Graph theory provides a robust mathematical framework for representing complex systems. In this context, entities are modeled as vertices (or nodes) and their interconnections as edges, encapsulating a broad spectrum of real-world phenomena from social and communication networks to molecular structures and brain connectivity patterns.

Among the diverse types of graphs, such as undirected, directed, weighted, bipartite, and multigraphs, each offers distinct analytical advantages tailored to specific contexts. This vignette is devoted to undirected, connected, graphs where edges link two vertices symmetrically, often with weighted values to express connection strength or intensity. For instance, in a road network graph, the weights might correspond to the length of each road segment. 

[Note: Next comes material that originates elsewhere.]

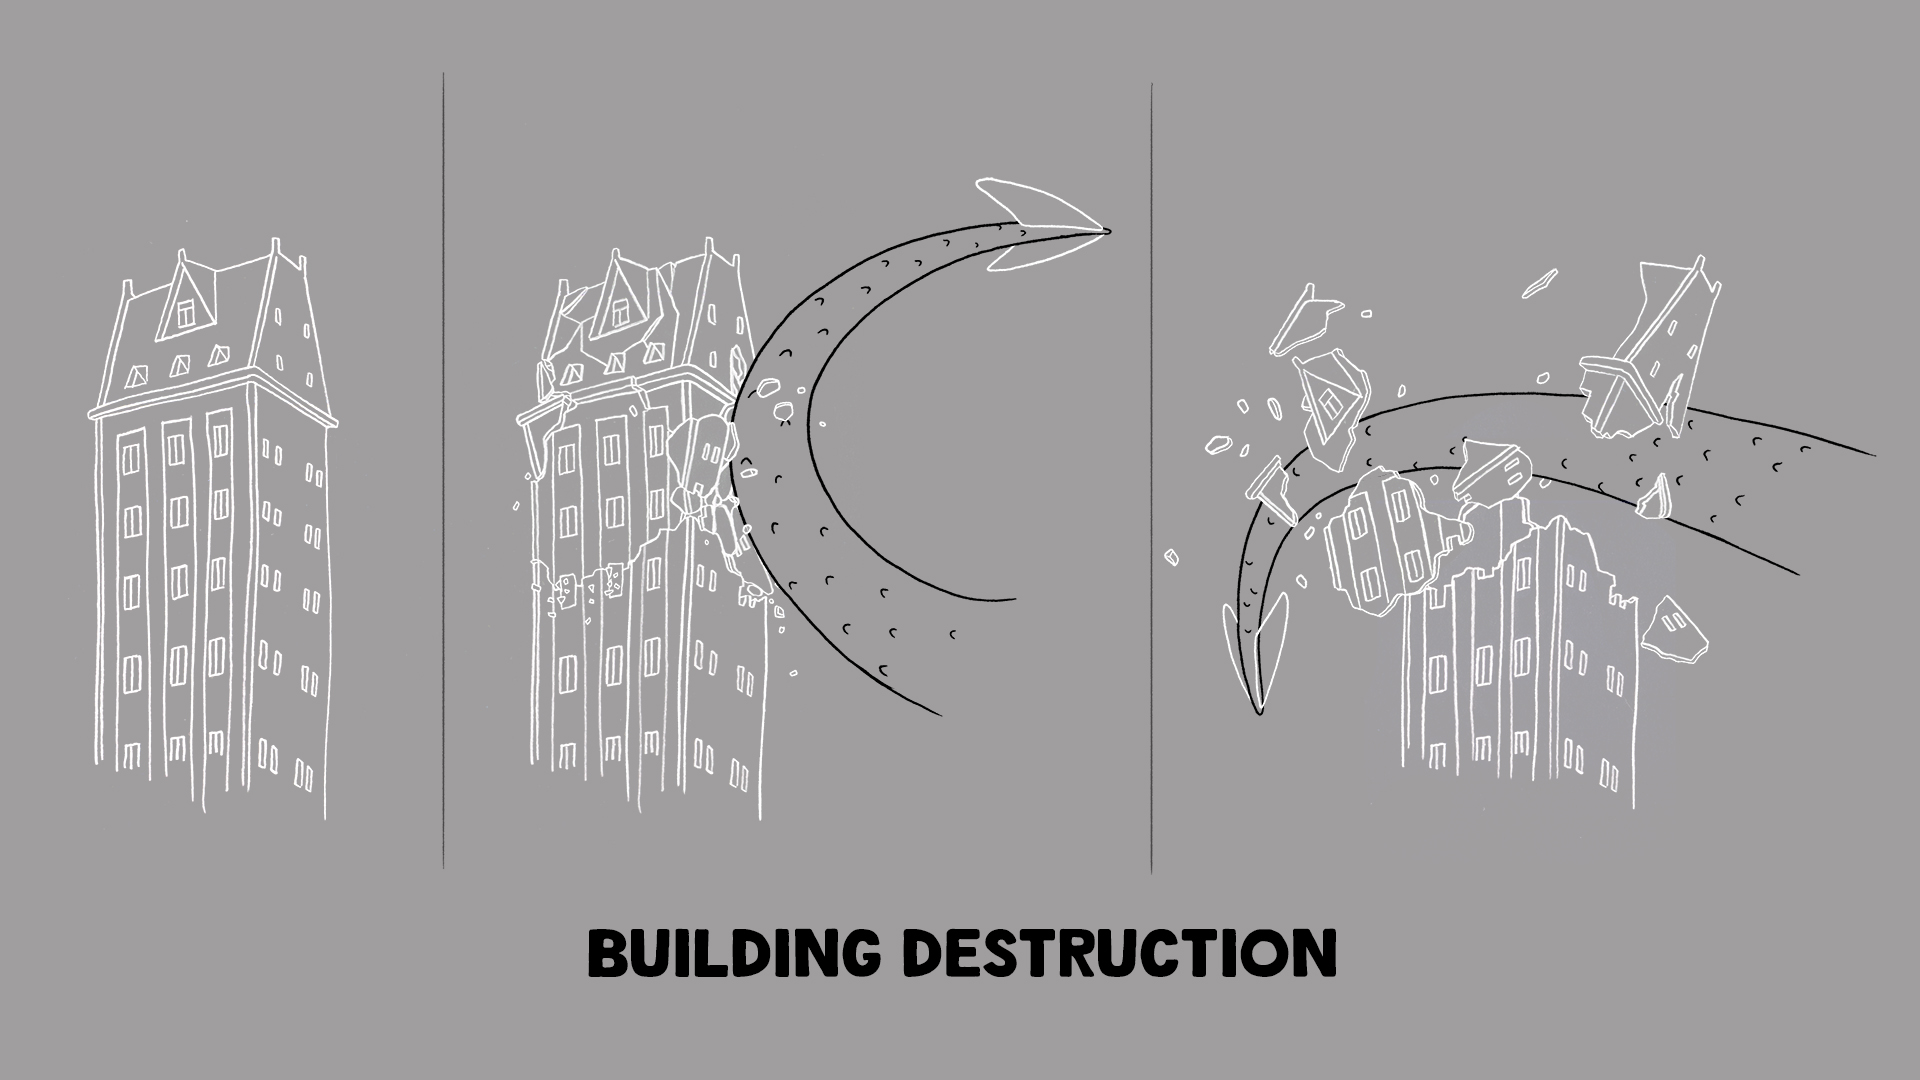 City_Destruction_002.jpg

Graphs are defined by ${G}=({V}, {E})$, where ${V}$ denotes the set of vertices or nodes and ${E}$ represents the set of edges. Each edge $(i, j) \in {E}$ connects nodes $i$ and $j$, potentially with an associated weight $w_{ij}$. The connectivity and interaction structure of ${G}$ is encoded in the adjacency matrix $W$, where $w_{ij} = w_{ji}$ for $i,j\in V$. The size of the graph is the number of nodes $n=|V|$. The degree matrix $\D$ is a diagonal matrix with $\D_{ii} = \sum_{j\in V} w_{ij}$. These matrices, $\W$ and $\D$, serve as the foundation for analyzing signal behavior on graph structures in GSP.

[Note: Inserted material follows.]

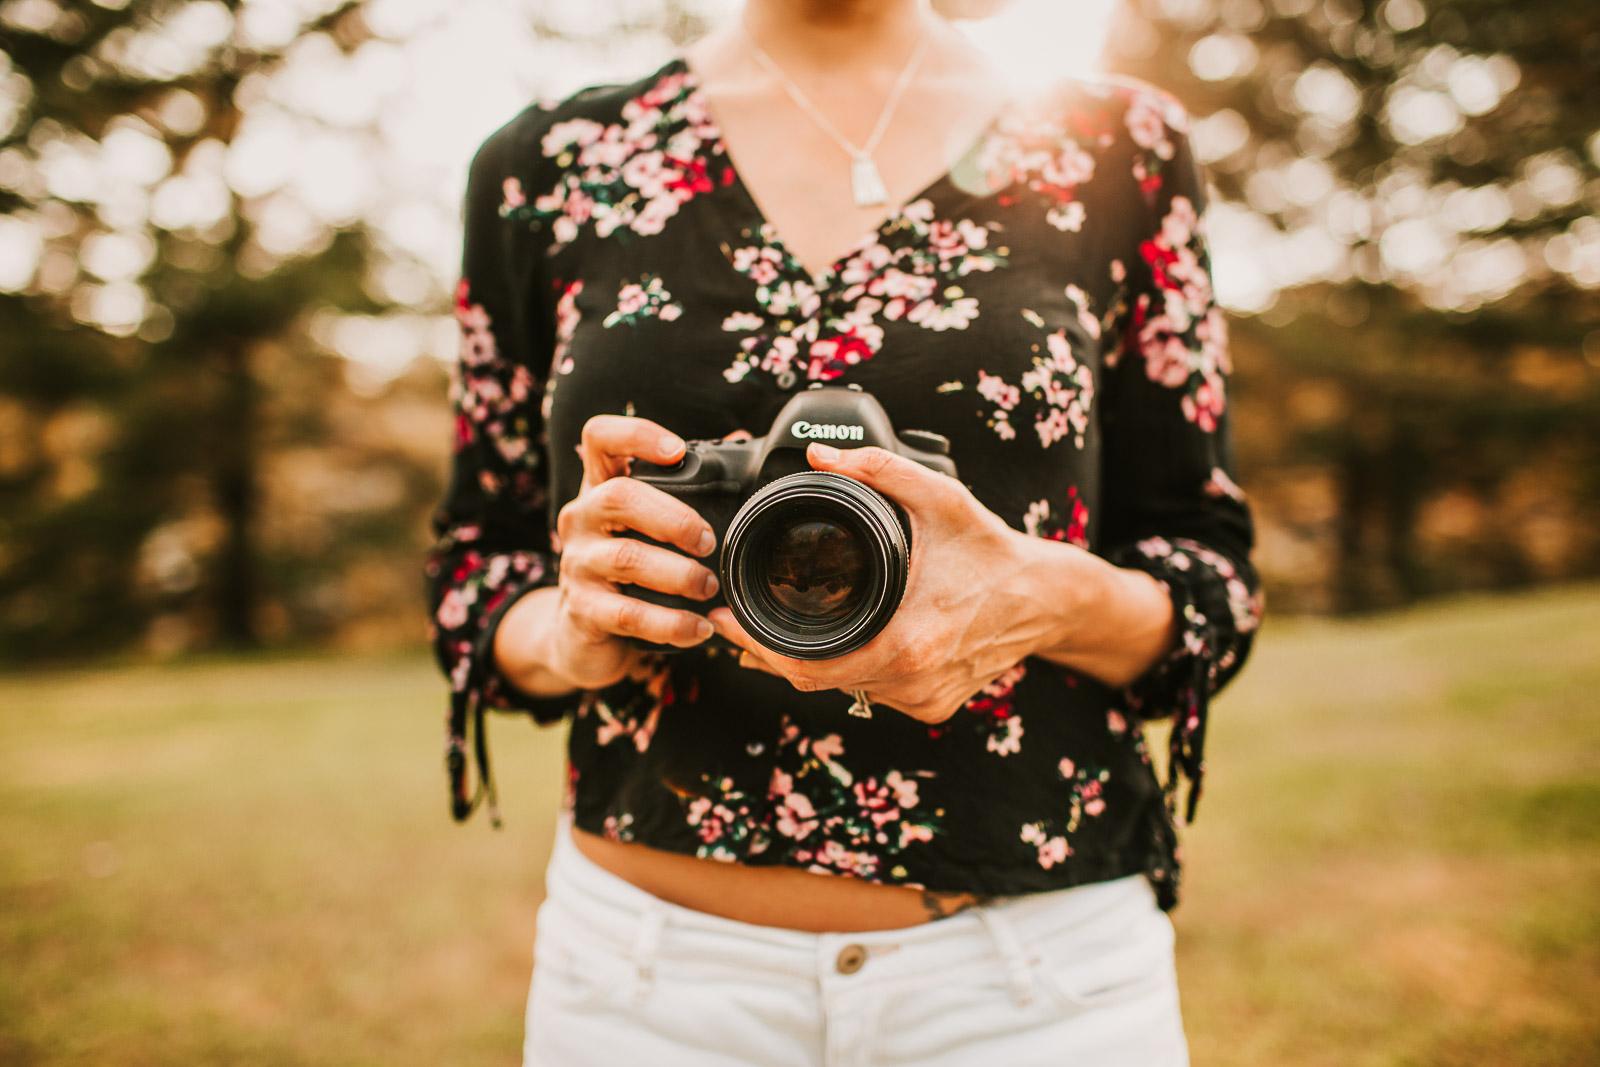 Work life balance for photographers

The spectral properties of the Laplacian matrices offer deep insights into the structure of graphs. The unnormalized Laplacian, $\La = \D - \W$, has non-negative eigenvalues, with the smallest being zero, indicating the number of connected components in the graph. This number can be retrieved from the "MatrixProperty" dataframe using the `get_graph_info` function, if the graph has been downloaded with `download_graph`, or computed using Depth-First Search algorithm, using \pkg{igraph} \proglang{R} package for instance \cite{igraph}.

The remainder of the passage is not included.